A complete understanding of Linear and Logistic Regression

Linear Regression Model

What assumption do we have in Linear Regression?

The assumption that there is a relationship between Y (target variable) and X (features) Or simply: \(\hat{Y} = W_1X_1 + W_2X_2 + W_3X_3 + \dots + W_nX_n\) \(\hat{Y} = W^{T}X + W_0\)

Linear Regression predicts a continuous numeric value (e.g., predicting house prices, temperature, weight).

Logsitic Regression Model

What assumption do we have in Logistic Regression?

Logistic Regression assumes a linear relationship between features and the log-odds (logit) of the outcome.

\(W^{T}X\) \(P[Y=1 | X=x] = \sigma(W^{T}X) >> \frac{1}{1+e^{-W_1X_1 + W_2X_2 + W_3X_3+ \dots+ W_nX_n}}\)

Logistic Regression predicts a probability that maps to a categorical outcome (most often binary classification, like “spam vs not spam”).

The difference in short

Linear Regression predicts continuous values with a straight line fit.
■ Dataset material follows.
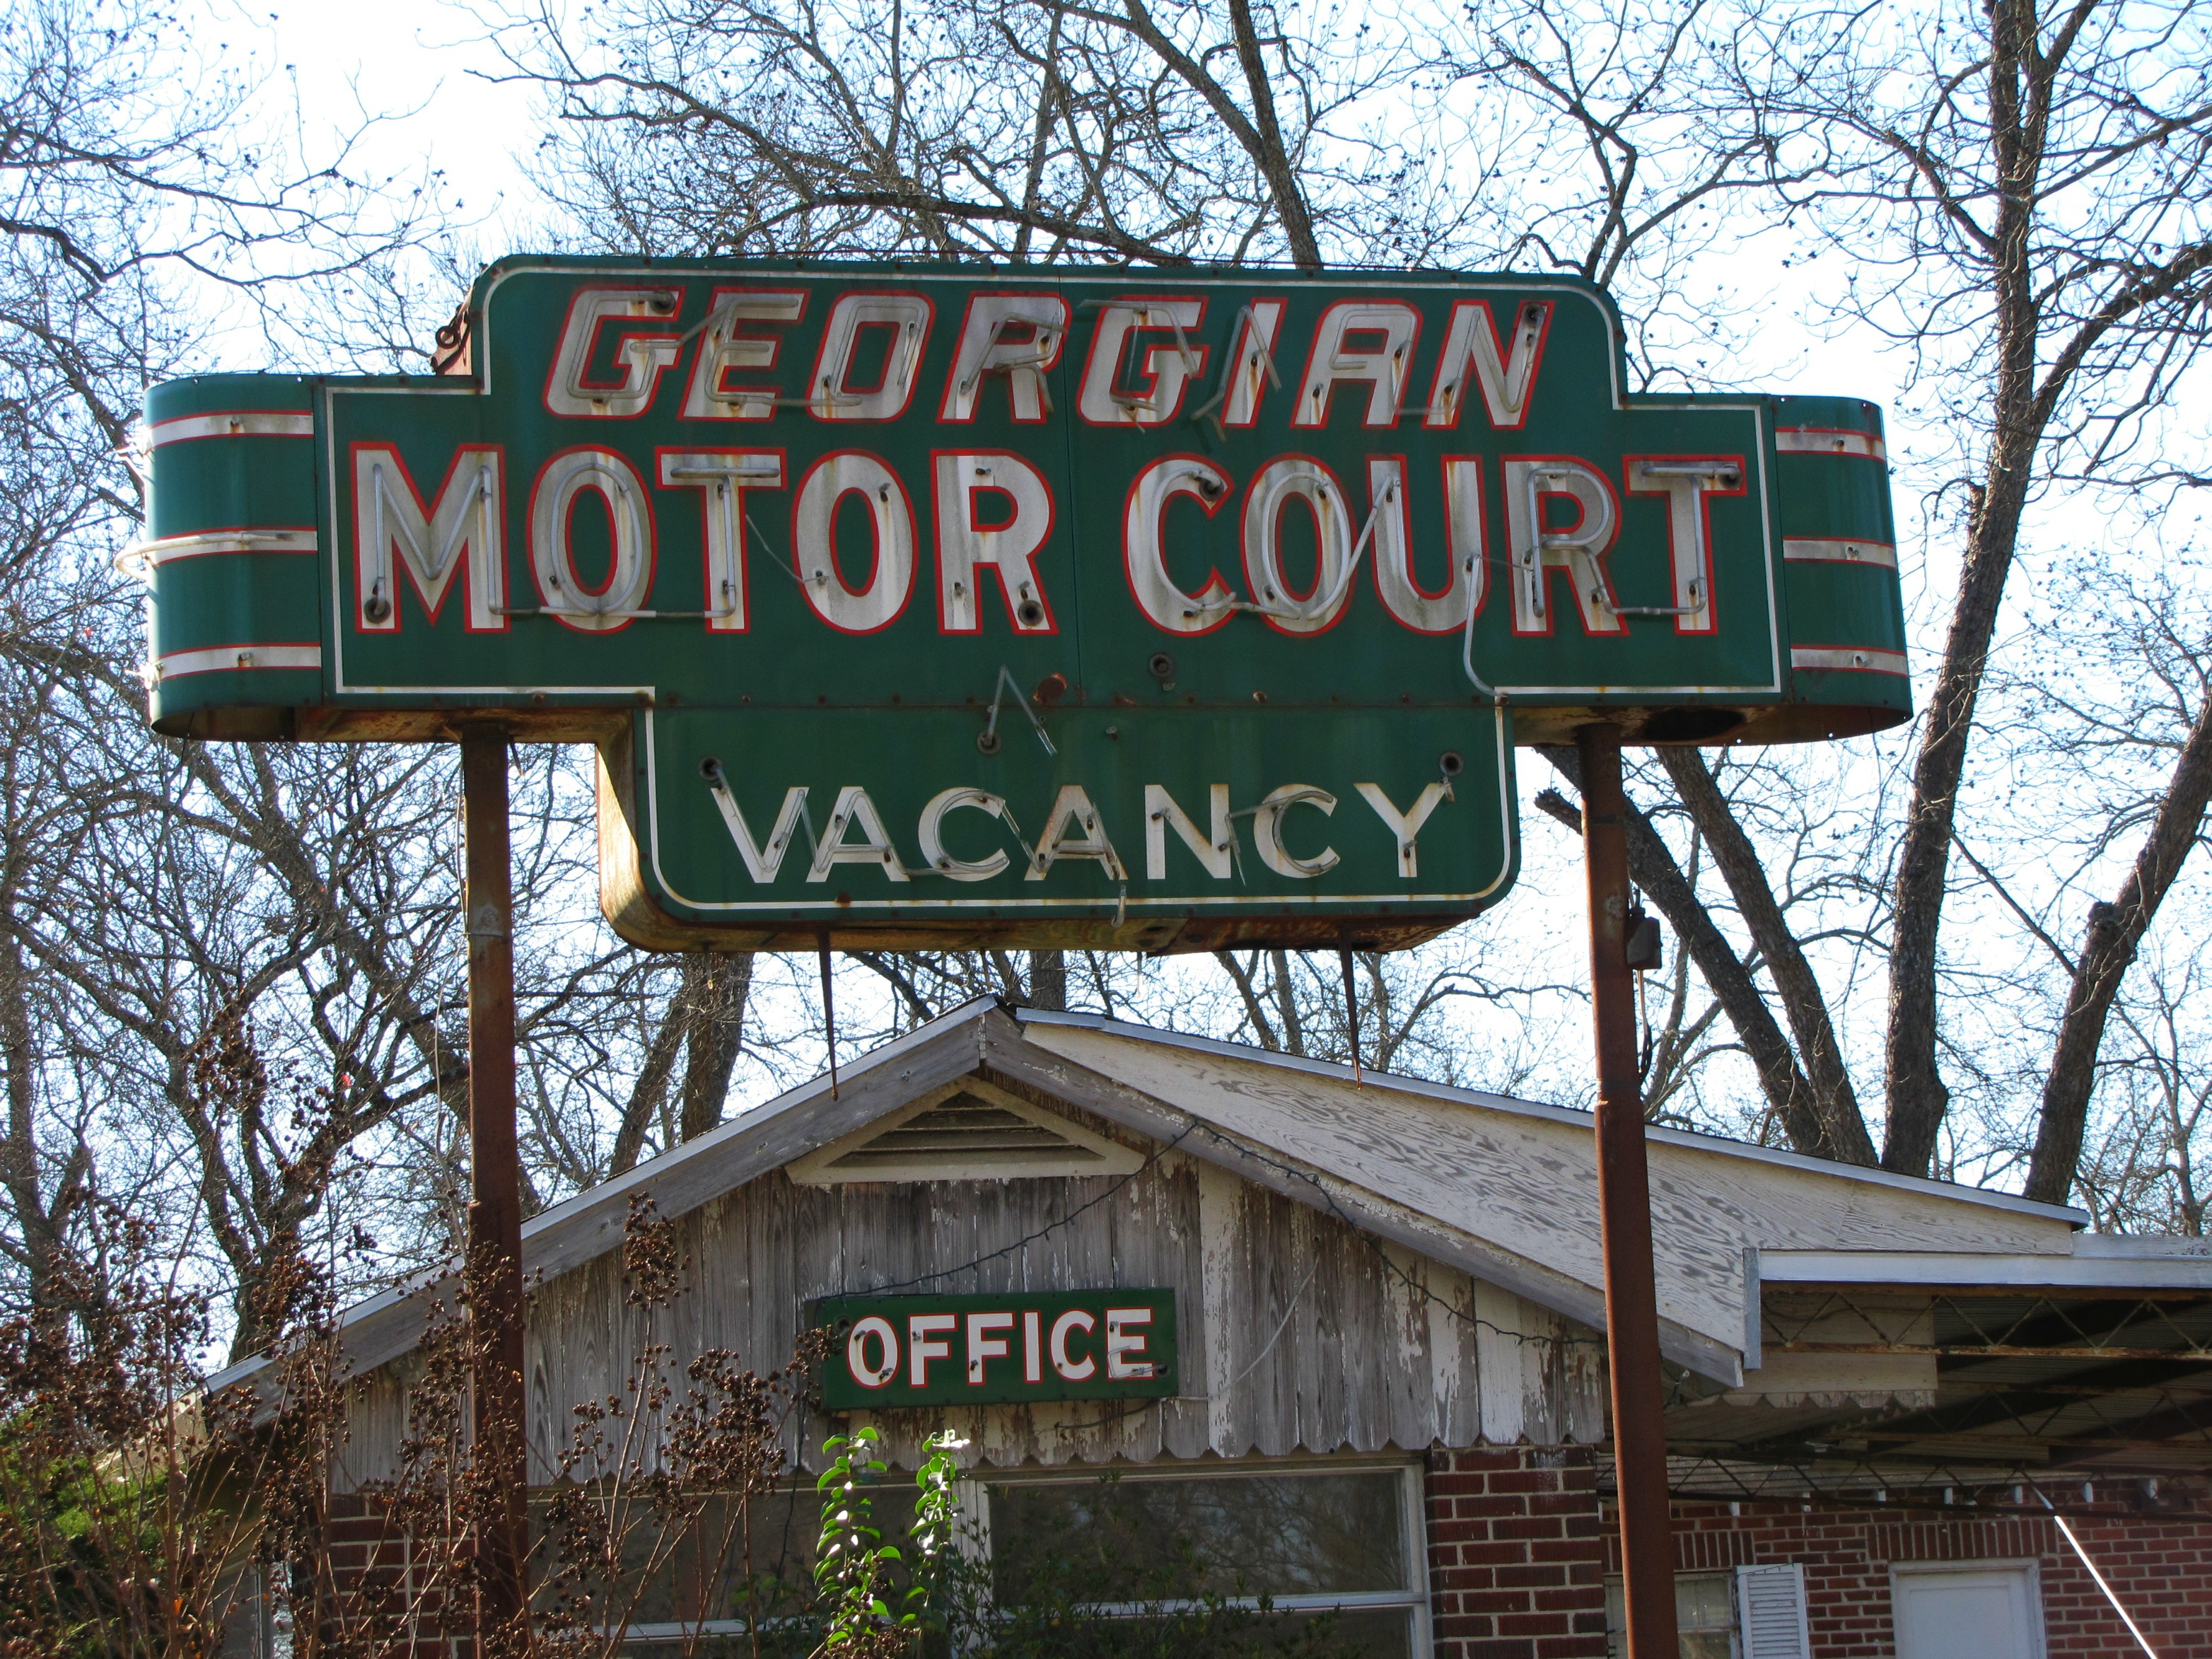 Georgian Motor Court - on old U.S. Route 41 in Cordele, Georgia USA - December 21, 2012
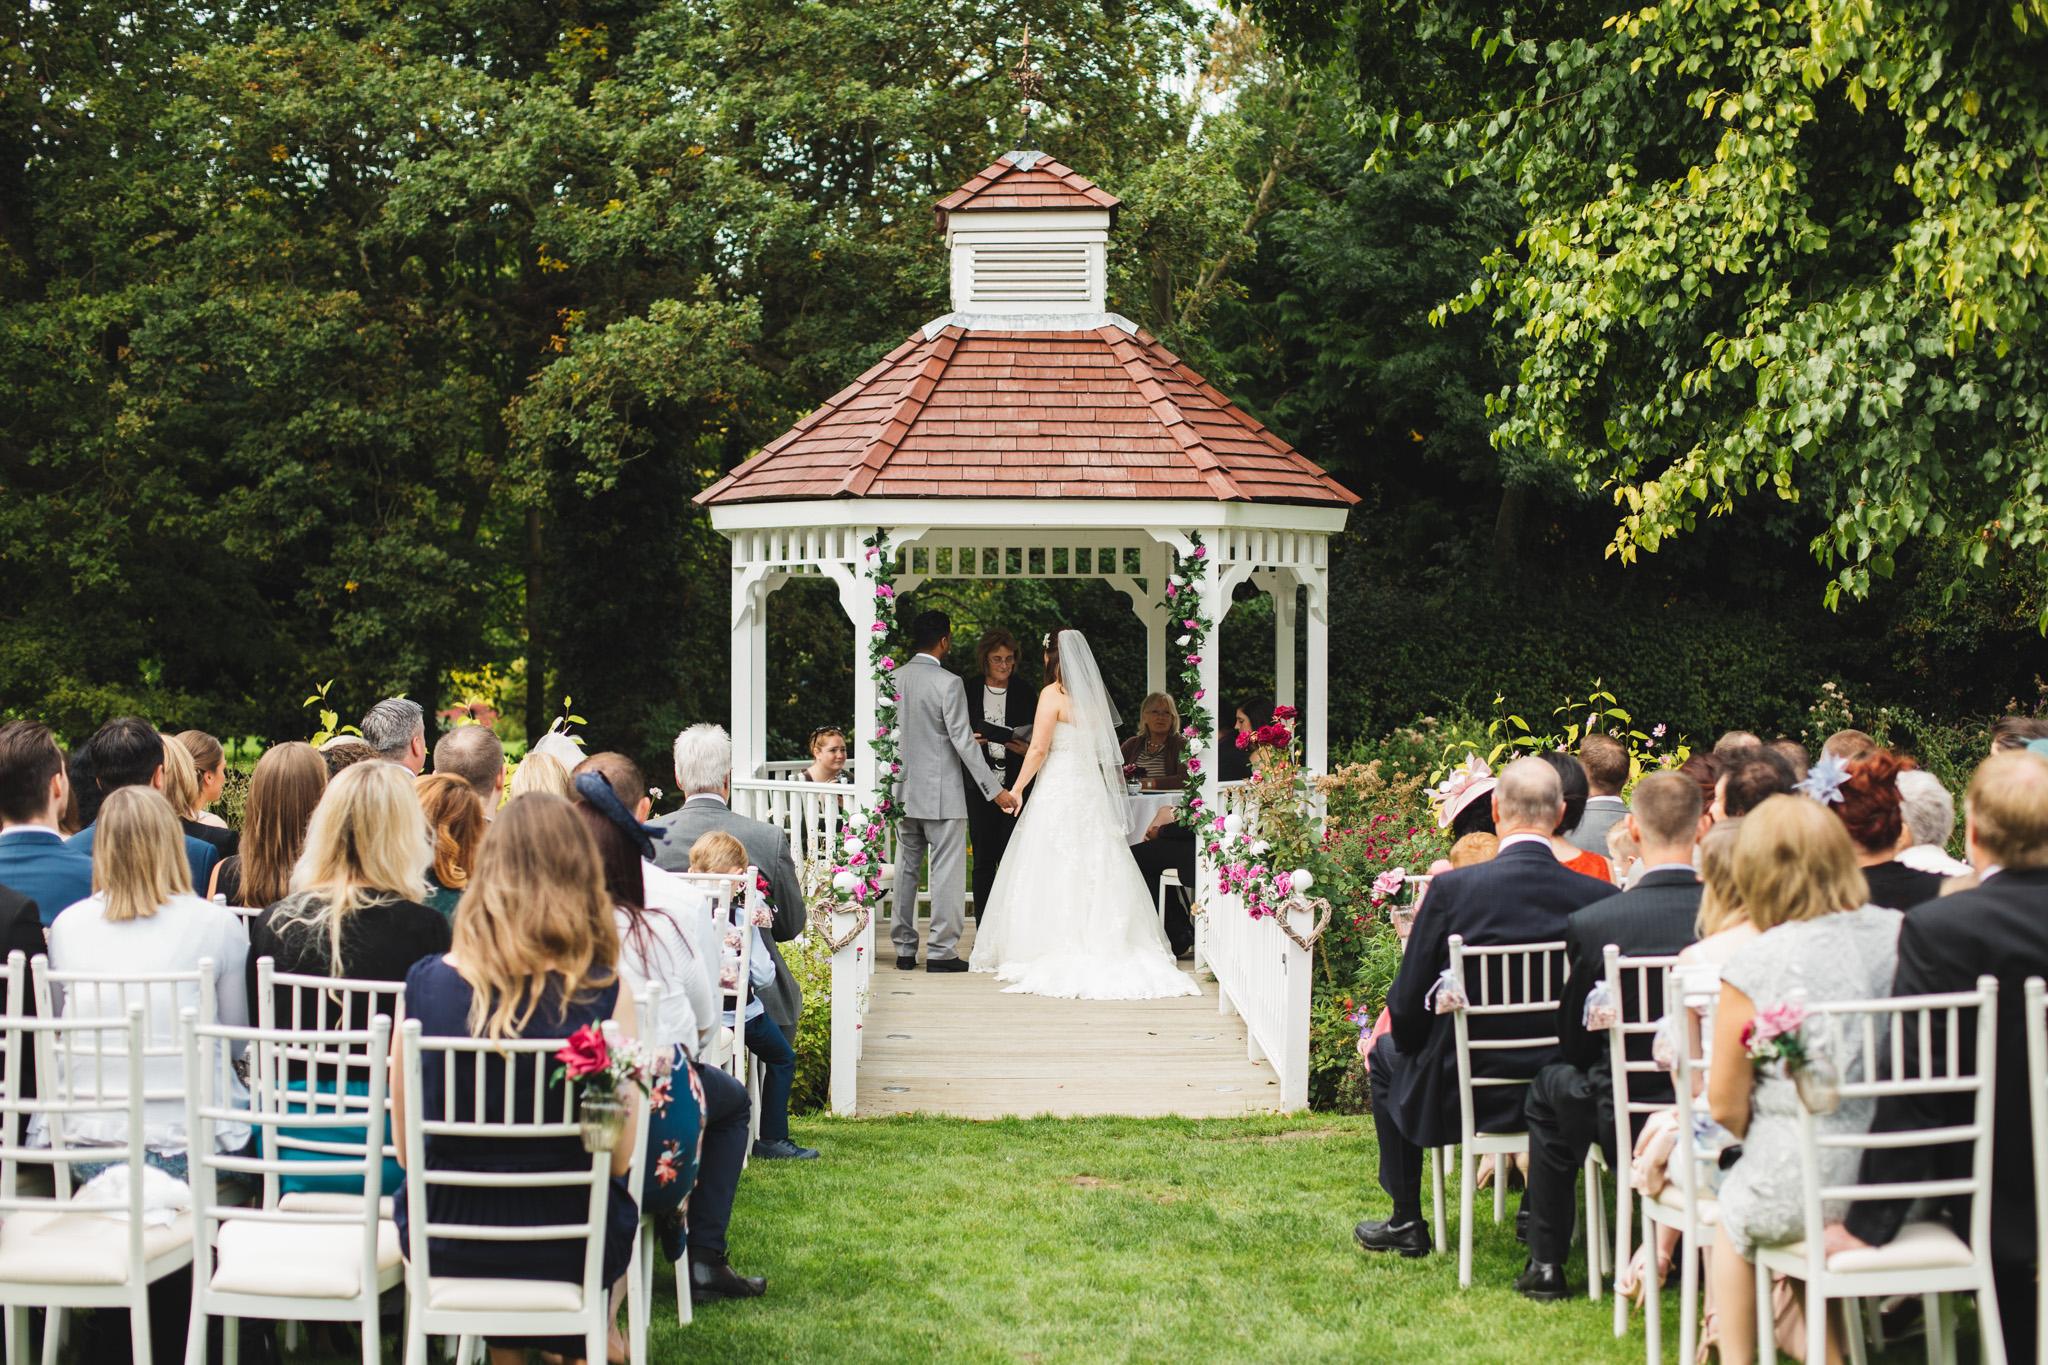 cat-lane-weddings__sheene-mill-wedding-photography__clw__1418_4G2A2924.jpg

Logistic Regression predicts probabilities for categorical outcomes using a sigmoid/logistic curve.

Linear Regression Code

Based on Example 12.6

import numpy as np
import matplotlib.pyplot as plt

x = np.array([65, 67, 71, 71, 66, 75, 67, 70, 71, 69, 69])  # Third Exam Score
y = np.array([175, 133, 185, 163, 126, 198, 153, 163, 159, 151, 159])  # Final Exam Score

mean_x = np.mean(x)
mean_y = np.mean(y)
sum_xy = sum((x - mean_x) * (y - mean_y))
sum_xx = sum((x - mean_x) ** 2)
b = sum_xy / sum_xx
a = mean_y - b * mean_x

yhat = a + b * x

#------Plots------#

fig, ax = plt.subplots(figsize=(10, 8))

ax.scatter(x, y, marker='o', color='blue', linewidths=5, label='Actual Data')
ax.plot(x, yhat, color='red', linewidth=2, label='Predicted Line')
ax.set_xlabel('X Values')
ax.set_ylabel('Y Values')
ax.set_xlim(min(x) - 0.5, max(x) + 0.5)
ax.set_ylim(min(y) - 50, max(y) + 50)

plt.title('Linear Regression Plot', fontsize=14)
plt.tight_layout()
plt.legend()

plt.show()

Logistic Regression Code

Based on Table 6.5

import numpy as np
import matplotlib.pyplot as plt

def sigmoid(z):
    return 1 / (1 + np.exp(-z))

x = np.array([1.5, 2.4, 3.4, 2.1, 2.5, 0.8, 2.9, 4.0, 2.3, 2.1, 3.6, 0.5])  # GPA
y = np.array([0, 1, 1, 0, 1, 0, 0, 1, 1, 0, 1, 0])  # 0 - No | 1 - Yes

a, b = 0.0, 0.0   # intercept, slope
alpha = 0.15      # learning rate
epochs = 1000

for _ in range(epochs):
    yhat = sigmoid(a + b*x)
    da = np.mean(yhat - y)
    db = np.mean((yhat - y) * x)
    a -= alpha * da
    b -= alpha * db
    print(f"a = {a}, b = {b}")

#------Plots------#

x_curve = np.linspace(min(x)-0.5, max(x)+0.5, 200)
y_curve = sigmoid(a + b*x_curve)

fig, ax = plt.subplots(figsize=(10, 8))
ax.scatter(x, y, marker='o', color='blue', s=60, label='Actual Data')
ax.plot(x_curve, y_curve, color='red', linewidth=2, label='Logistic Regression Fit')
ax.set_xlabel('X Values')
ax.set_ylabel('Y Values')
ax.set_ylim(-0.1, 1.1)
plt.title('Logistic Regression Plot', fontsize=14)
plt.legend()
plt.show()